The Dark Crystal
In the article “After Party” (April/May 2016), writer Mathew Rodriguez tackled the issue of crystal meth and why gay men are still attracted to the highly addictive drug.
Everyone may have a different reason. But I believe that my generation turns to [crystal meth] for different reasons than the twentysomethings. Gay men, especially, deal with powerful emotions around aging: feeling old, undesirable and unwanted. This drug feels like a fountain of youth. We have to show my generation of gay men that they are loved and valued regardless of appearance or body image. Through self-acceptance and community acceptance, we will make a change.
I lost my heart to this euphoria called tina [slang for meth]. I was a divorcé and a virgin to it when I wanted to be popular in the gay scene. I lost 27 years of sobriety to this wonder drug. During my five-year reign of terror, I walked the line of risking my career, housing and HIV status. In the end, I lost friends and three significant others. I’ve been clean two years now, but I still feel heartless. And no matter how much sexual absolution I embrace, I still feel I’m running in those damn poppy fields.
I totally relate to this article. I started [using] meth when I lived in New York City after I found out my fiancé was cheating on me. I turned to Manhunt and met a man who offered me meth. After 10 years of using, I finally got clean over two years via inpatient rehab for eight months. I have HIV and body dysmorphia. Meth and the sex made everything seem OK. I love the healthy gay mentoring concept. Maybe it’s not too late to help in that direction. Recovery is possible!
I’m very lucky to be two and a half years sober from crystal and can totally relate to all the experiences discussed here, including the fact [that] when I decided my life was at rock bottom and needed to turn around, then I abstained from sex for almost two years to stay away from the triggers. The entire five years I was addicted I always told myself I was in control. I look back now and am blessed I had family who didn’t turn away!
In the article “ ‘Burned by the Bern’: Sanders Cancels Meeting With AIDS Advocates” (May 9, 2016), POZ reported the news that Sen. Bernie Sanders once again postponed a May meeting with HIV/AIDS leaders. Secretary Hillary Clinton met with activists on May 12; a new meeting with Sanders was scheduled for May 25.
Obviously, everyone has a right to be disappointed, and what he did could be seen as a dick move, but still, Sanders has been on the right side of history when it comes to AIDS. His PR folks should’ve drafted a letter or something explaining his inability to meet with the AIDS activists, and the controversy really would end there.

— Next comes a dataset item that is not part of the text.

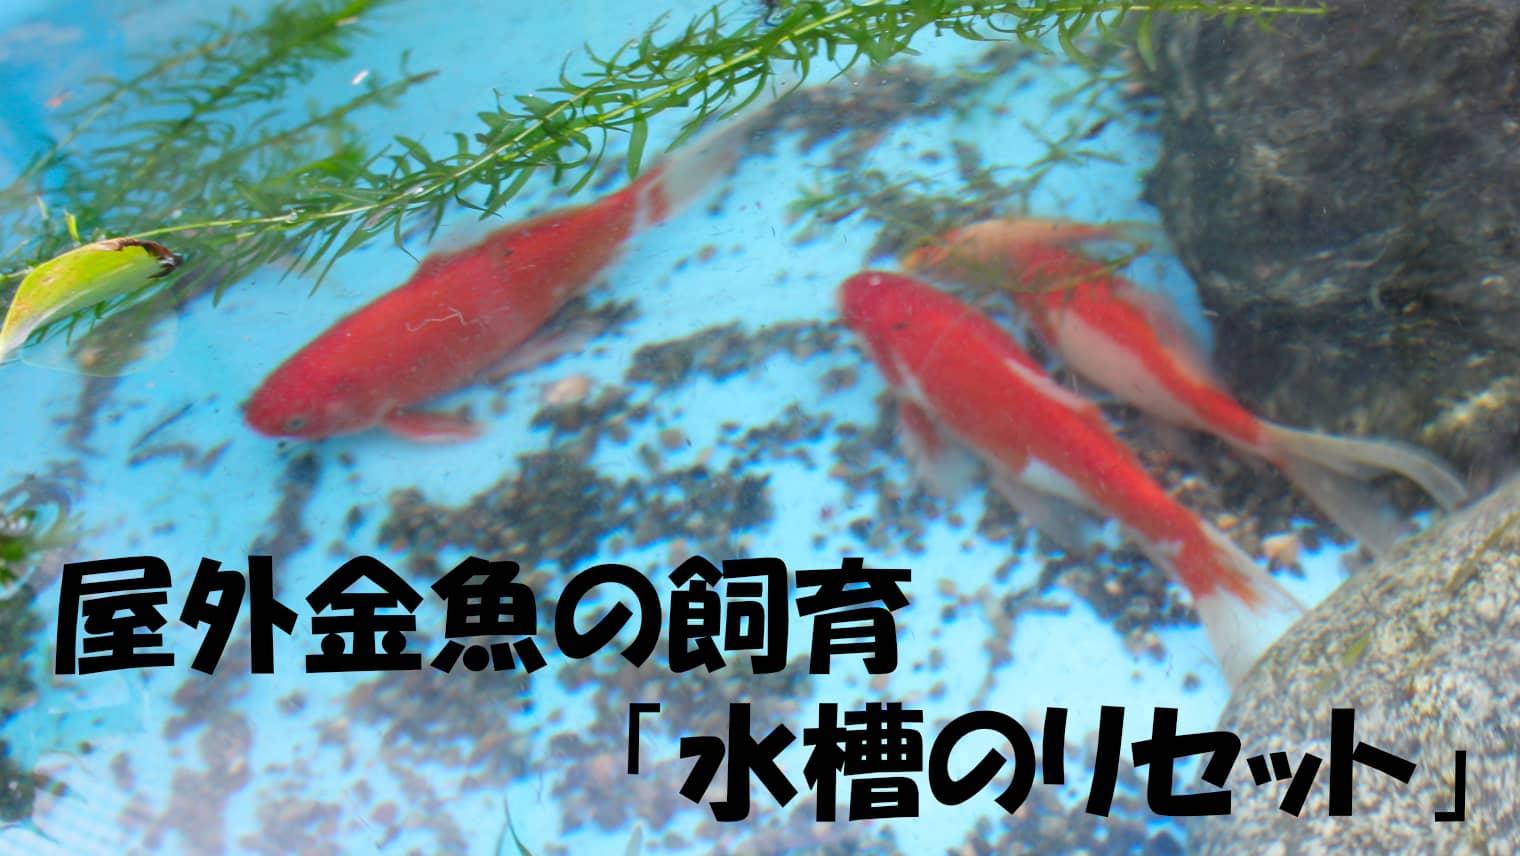 屋外金魚の飼育「水槽のリセット」

When Hillary put her foot in her mouth about the history of AIDS [at Nancy Regan’s funeral], I was angry. She apologized and has a great platform for HIV, so I forgave her. If people can be upset at Hillary for her ignorance, then people equally have a right to be upset about Bernie’s actions. Let him draft an appropriate apology and show people he’s serious about HIV. Hold your candidate to the same standards as I hold mine.
We already know where Sanders stands on HIV/AIDS. We know we will have incredible access in his administration. We know that his platforms are in remarkable alignment with what the AIDS movement has wanted for decades—
far better than any major candidate since the start of the epidemic. Bernie is already with us and has always been with us. Free universal health care. An appropriate response to pharmaceutical company price gouging. An end to criminalization. The list goes on and on.
Suckers bought Bernie. I’m glad you learned a lesson and dodged a real Bern. He knows nothing about HIV. He knows he won’t be the nominee.